The Kobo Mini is a miniature, touch-based e-book reader produced by Kobo Inc.

Hardware 
Kobo Mini was introduced on 6 September 2012, with the Kobo Glo and Kobo Arc. Marketed with the slogan "Small is a Big Deal", it was targeted to those who wanted a pocket-sized device.

Kobo Mini includes an E Ink screen for legibility in direct sunlight. It also included 2 GB of internal storage (although some units were shipped with 4 GB cards internally, which may be modified by the user, voiding any warranty, to gain access to the unpartitioned space). A distinguishing feature included SnapBacks (removable back covers) available in three colors at launch (Teal, Ruby Red, and Purple) with the distinct Kobo quilt pattern. Kobo Mini was available in two colours: black, and white.

The Kobo Mini was intended to compete with the basic Kindle and Nook Simple Touch, with a similar price, identical screen resolution, and the same amount of storage. Advantages included the smaller dimensions and lighter weight.

Kobo claims the battery lasts for a month, assuming 30 minutes of reading a day and Wi-Fi turned off.

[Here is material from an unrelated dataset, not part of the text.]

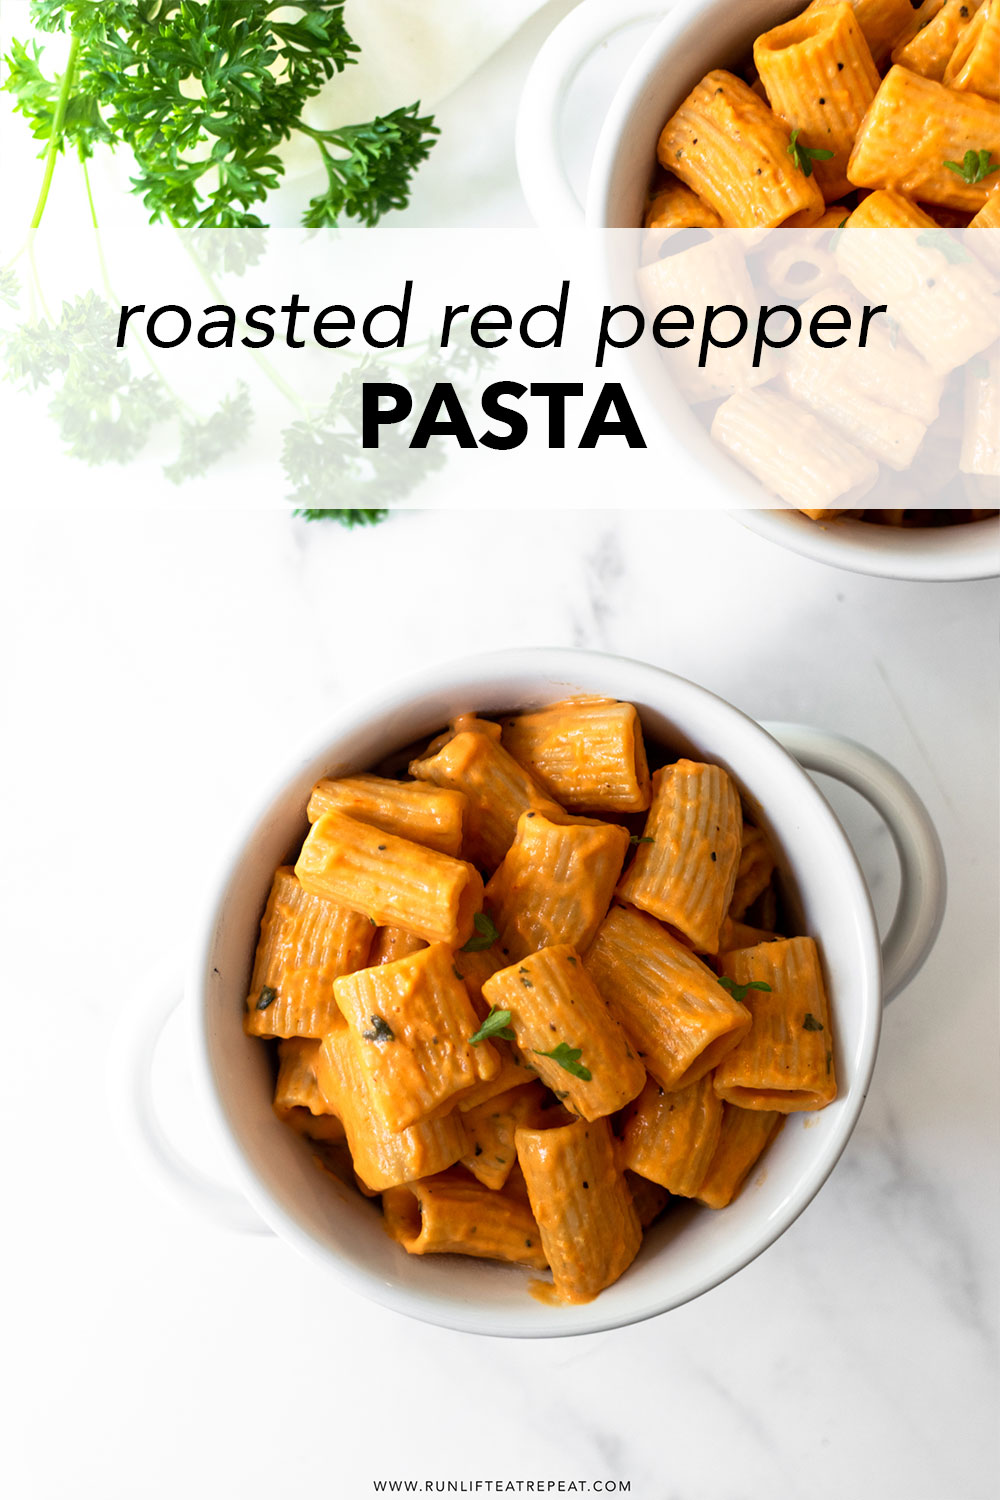 This creamy roasted red pepper pasta stands above the rest— easy to pull together and quick for busy nights. With roasting the peppers, onions and garlic, there's layers of flavor with minimal ingredients. A must-try recipe that the family will love!

Charging the Kobo, as well as transferring documents, is accomplished with the micro-USB connecting port.

Software
Kobo Mini runs on the Kobo Firmware, based on the Linux kernel. The software is available in 8 languages and 2 variants: English, French, Canadian French, Japanese, German, Dutch, Italian, Spanish, Portuguese, and Brazilian Portuguese.

The main screen shows tiles that automatically update based on actions the user has performed. Tiles may appear for books, newspapers, magazines, store categories, or games the user has recently read, browsed, or played, respectively. The main screen is called "Reading Life".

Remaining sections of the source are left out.